This November, Susan Polk celebrates 50 years as a licensed insurance agent. Her company, Susan Polk Insurance, which has been a staple on the Central Coast for more than 40 years, has served more than 10,000 people in San Luis Obispo County alone, not including countless thousands of others across the state.

On July 1, 1971—the day she marks as the symbolic start of her career—Susan was given a certificate that allowed her to legally sell insurance. That day, the young, newly-married graduate from The Claremont Colleges accepted an offer to go to work for

Northwestern Mutual life, an insurance company in southern California. “They recruited me at a career day. I was full of the feminist spirit and was enchanted by the idea of working on commission-only, making what I produced and being paid what I was worth. It was an empowering thought,” Susan recalls. “When I was recruited and interviewed by other companies, they asked questions like, ‘What kind of birth control do you use?,’ ‘How soon will you start a family?,’ and ‘If you’re transferred, will your husband follow?’ Those kinds of questions were actually asked at that time! Northwestern Mutual didn’t ask any of those questions. It was like, you eat what you kill.”

Five months later, in November of that year, Susan officially became a licensed agent. She worked for a number of Los Angeles-area insurance companies for the next 10 years before she and her husband, Jim, began to look to the Central Coast for a better quality of life. In 1982, they relocated to San Luis Obispo.

Early on, Susan and Jim both sold insurance for a fraternal benefit society known as the Aid Association for Lutherans (AAL, known today as Thrivent), which had “territories” back then. A territory was typically served by one agent, but the young couple shared a territory of just 3,000 Lutherans. “There weren’t enough Lutherans to go around,” says Susan.

Susan noticed fairly early on that the people they served needed health insurance, but the AAL policy was too expensive for many of the members. Seeing the need, she rewrote them into Blue Cross Blue Shield and has specialized in health insurance ever since.
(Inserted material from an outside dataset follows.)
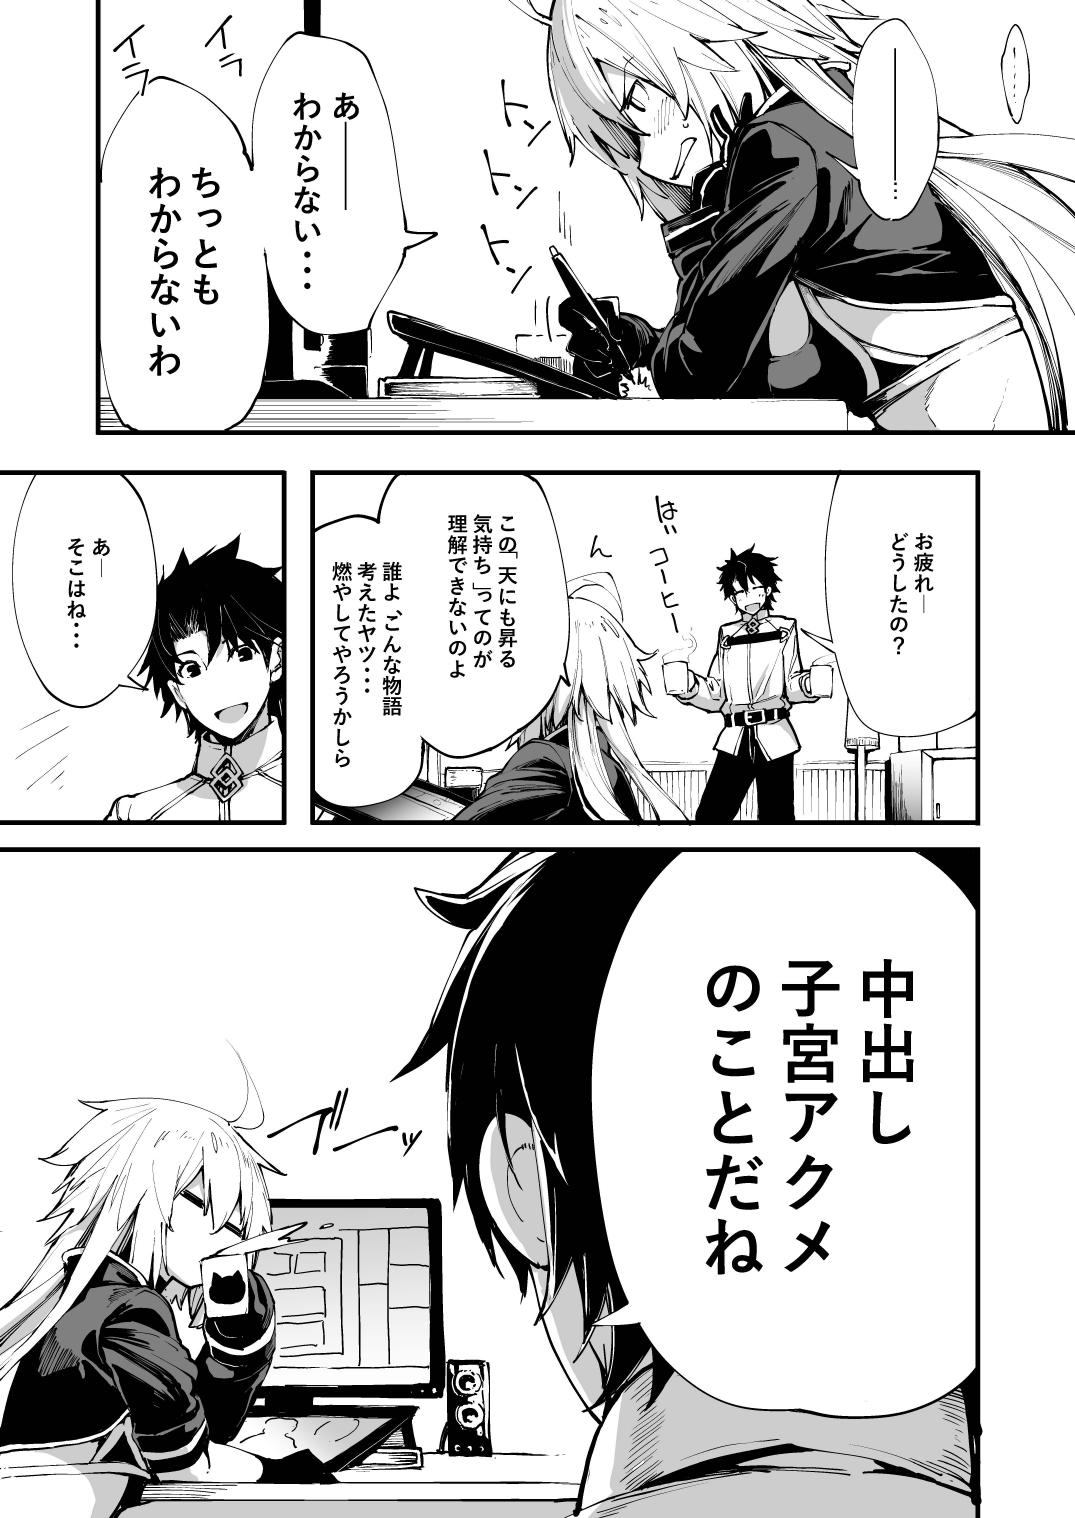 Muscular Kuroneko ga Nyan to Naku. - Fate grand order Nuru - Page 2

In 1988, she struck out on her own and opened Susan Polk Insurance Agency. Her first office was on Foothill Boulevard near Chorro.

Susan has been generously giving back to the Central Coast community as long as she’s been a part of it. Not only was she instrumental in bringing CASA to SLO County in 1993, but she’s been involved in dozens of social programs and nonprofits ever since, including: Children’s Health Initiative; Healthy Families; California Major Risk; Insure the Uninsured; and Access for Infants and Mothers; to name a few. “Every time there was a new program that helped people get insurance, I was the first agent to sell it or offer it,” she recalls.

More impressively—all while building a thriving local business and actively volunteering in the community—Susan and Jim found the time to spend four decades as foster parents. They would go on to adopt five children, whom they raised along with their four biological children.

Former SLO-business owner Ron Freeman has been a customer, employee, and friend of Susan’s for over 20 years. “She’s a true advocate in the very-difficult world that is health insurance. I have not seen anyone as committed to her clients and to solving their problems as Susan is.”

While preparing to step back, Susan isn’t quite ready to step down. Her daughter, Sonja, came on board several years ago and has been preparing to take the reins. “I’m learning from the best,” Sonja says. “I feel honored that I have this opportunity to carry on my mom’s legacy and look forward to continuing to serve our community in the same way she has for a long time.

“My parents have been strong, capable role models,” Sonja continues. “They changed the entire trajectory of my life.”

The truest test of a leader’s character is how well they can produce other leaders. The challenge of continuing Susan Polk Insurance’s legacy is a big one, to be sure. But Sonja—always her mother’s daughter—is up to the challenge.